The one-size-fits-all nature of the list unrealistically equated the danger posed by all sex offenders, when in fact "[n]ot all sex offenders are at equal risk to reoffend. Low risk offenders reoffend at low rates, high risk offenders at much higher rates." (Tiering Paper, supra, p. 4.) "When everyone [on the list] is viewed as posing a significant risk, the ability for law enforcement and the community to differentiate between who is truly high risk and more likely to reoffend becomes impossible. There needs to be a way for all persons to distinguish between sex offenders who require increased monitoring, attention and resources and those who are unlikely to reoffend." (Id. at p. 6.)
The Board recommended overhauling the state's registration system so that "the length and level of registration matches the risk level of the offender." (Tiering Paper, supra, p. 7.)
The Legislature responded with a 2017 law called Senate Bill 384. (Stats. 2017, ch. 541, § 12, p. 31, eff. Jan. 1, 2018, operative July 1, 2021 (S.B. 384).)
S.B. 384 enjoyed widespread law enforcement support and no reported opposition. (Daniel Seeman, Enrolled Bill Memorandum to Governor Edmund G. Brown re Sen. Bill No. 384 (2017-2018 Reg. Sess.), Sept. 22, 2017, p. 1.)

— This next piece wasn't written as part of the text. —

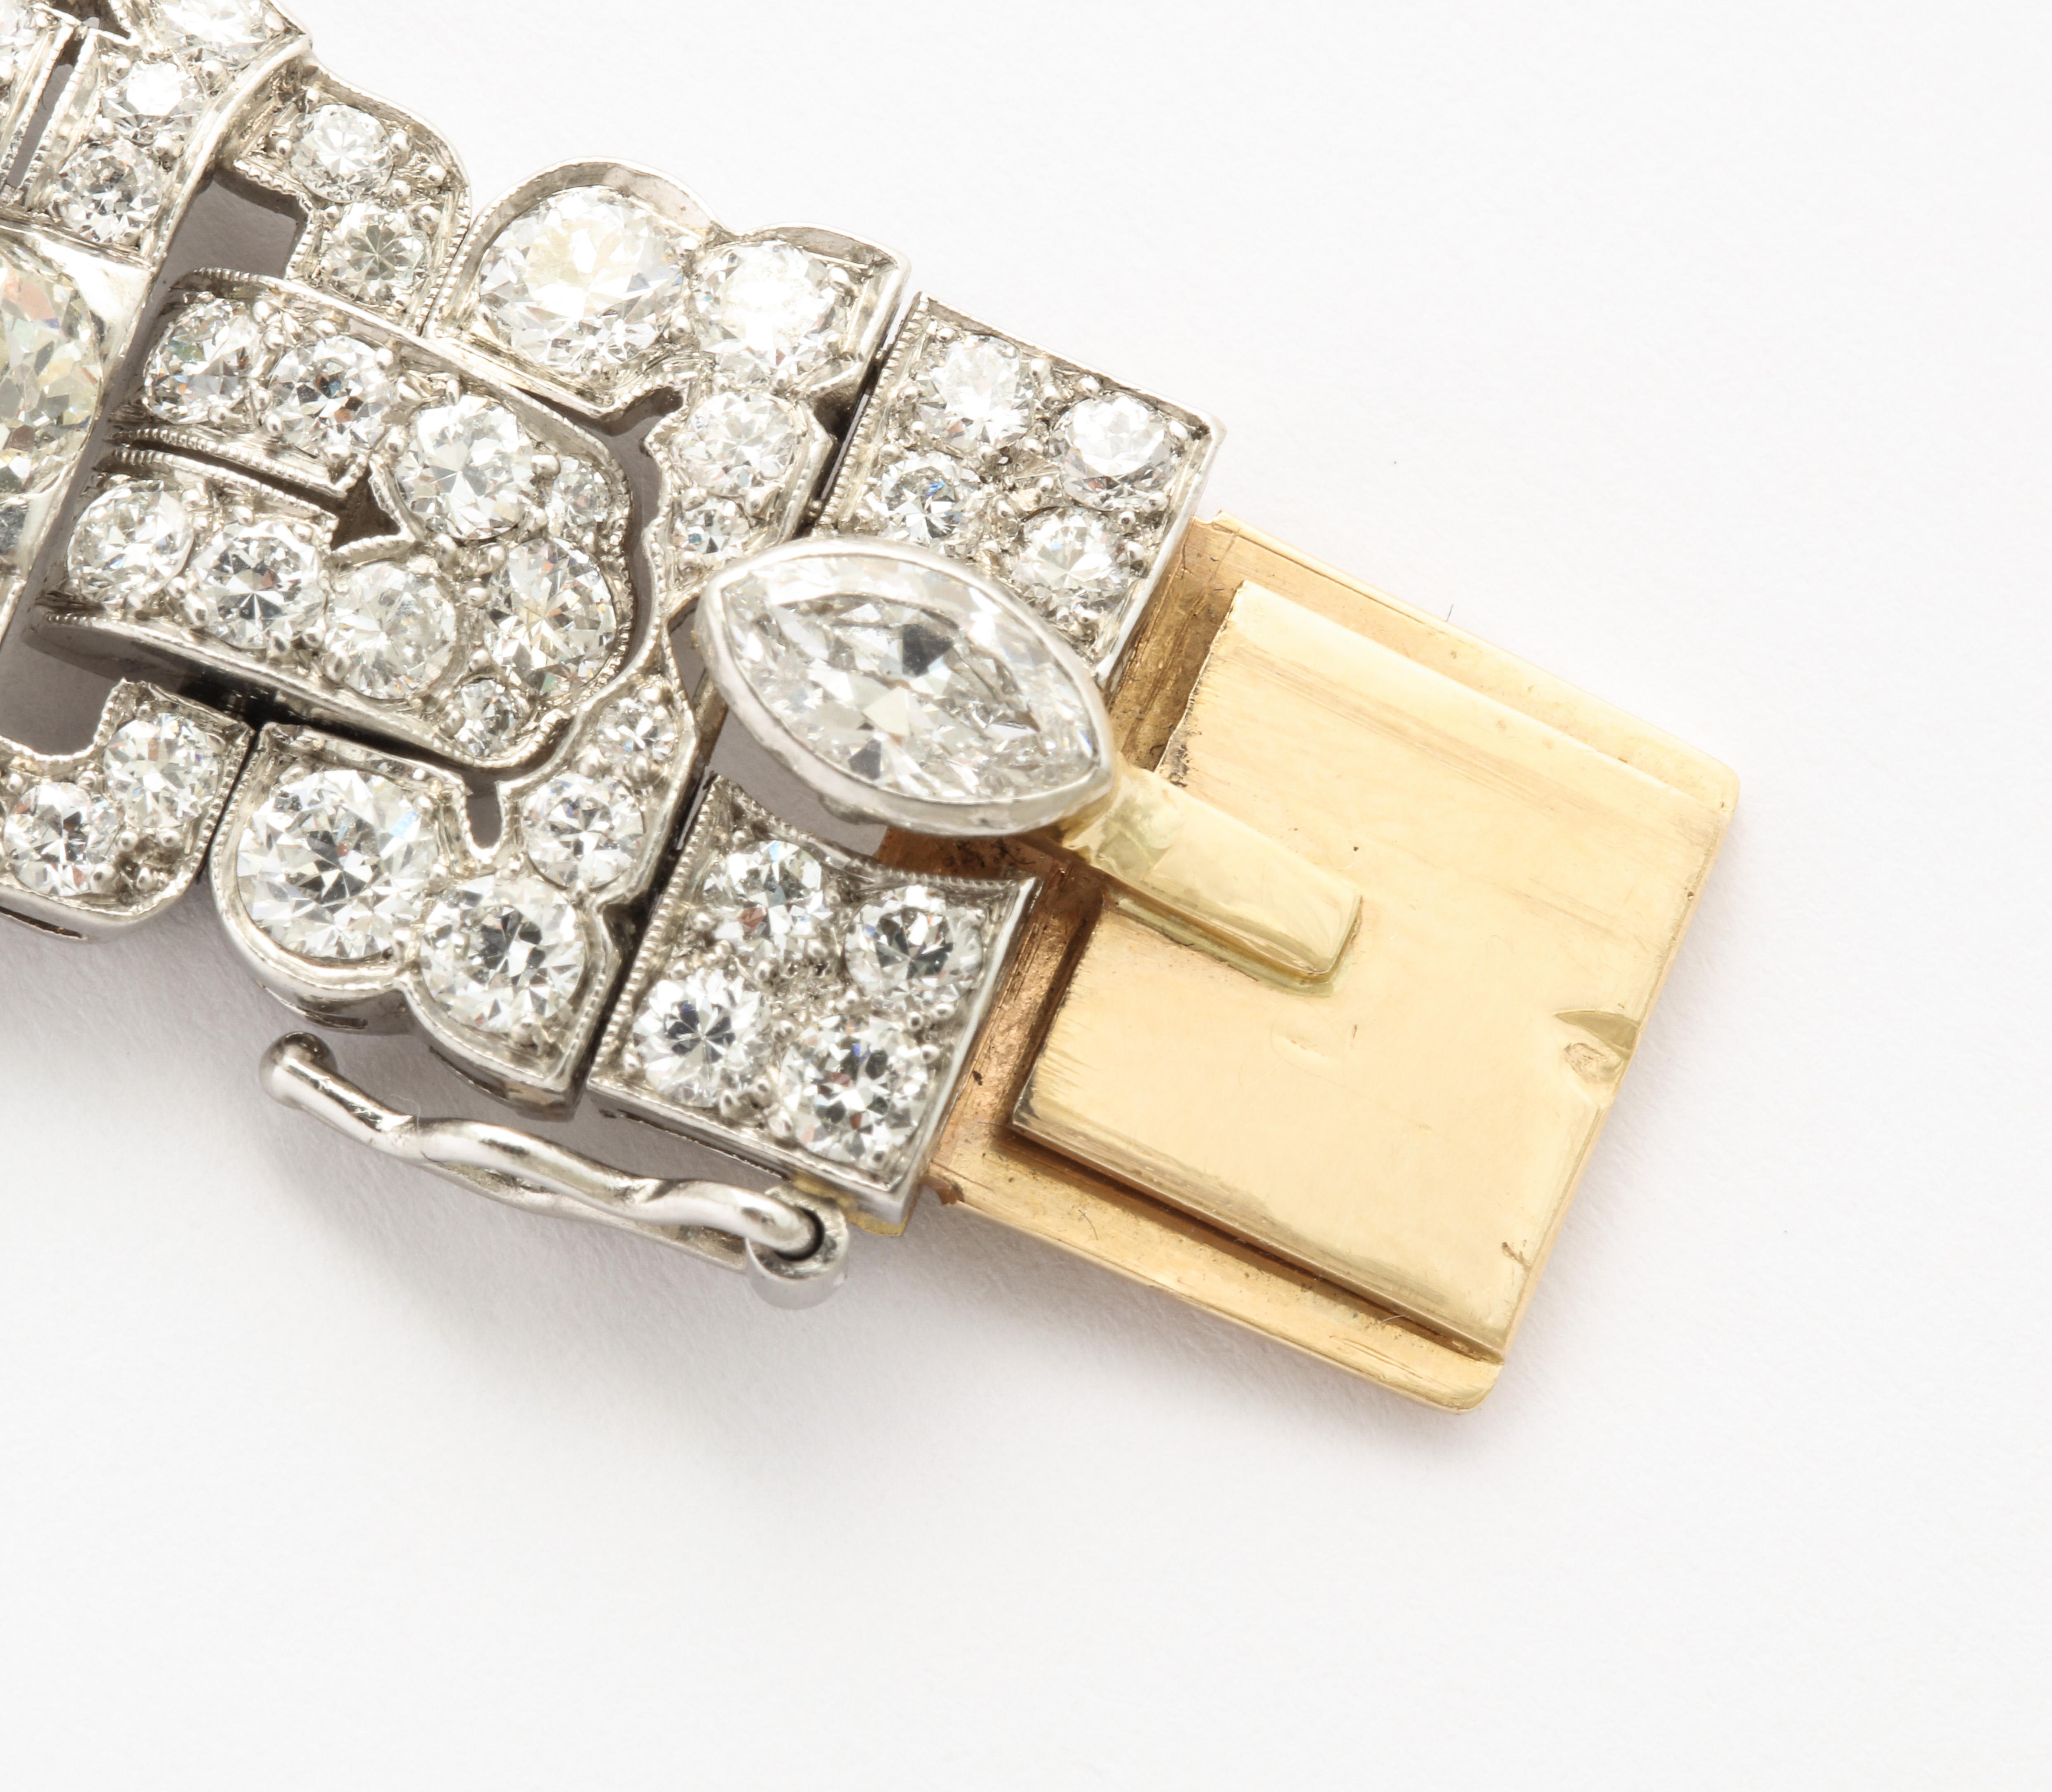 Platinum Art Deco Diamond Bracelet by Tiffany & Co. In Excellent Condition For Sale In New York, NY

S.B. 384's author wrote that California's system of requiring lifetime registration for many sex crimes, some of which were relatively nonserious, had resulted in a registration list "so bloated" that "law enforcement cannot effectively use it." (Sen. Wiener, sponsor of S.B. 384, letter to Governor Jerry Brown, Sep. 16, 2017).
The Los Angeles County District Attorney's Office was a sponsor of S.B. 384. That office urged the Governor to sign the bill. (District Attorney Jackie Lacey, letter to Governor Jerry Brown, re S.B. 384, Sep. 27. 2017 (Lacey letter).) "California urgently needs a new sex offender registration system that focuses attention and resources on high risk and violent sex offenders. [¶] The list of mandatory registration offenses . . . includes relatively nonserious offenses, such as indecent exposure ...." (Id. at p. 1.) "[B]ecause of the size of California's Sex Offender Registry, it has lost much of its value as an investigatory tool." (Id. at p. 2.)
S.B. 384 would "abolish" the current mandatory lifetime registration and replace it with three tiers reflecting the seriousness of the underlying offense. (Lacey letter, supra, at p. 2.) The bill amended section 290 to create this three-tier system.
"While it sounds contradictory, California will greatly improve public safety by eliminating our current lifetime sex offender registration requirement and moving to a system where registered sex offenders are placed in a tiered system based on the severity of the offense. Law enforcement is spending too much of [its] finite sex offender supervision funding on paperwork of low risk offenders instead of focusing on managing and supervising high risk offenders that pose the greatest risk to public safety. Our Sex Offender Registry has become so large that it produces too many potential suspects when used to try and solve a sex crime case in many situations. By eliminating many of the low risk offenders from our registry both of these issues can be solved." (Lacey letter, supra, at p. 4.)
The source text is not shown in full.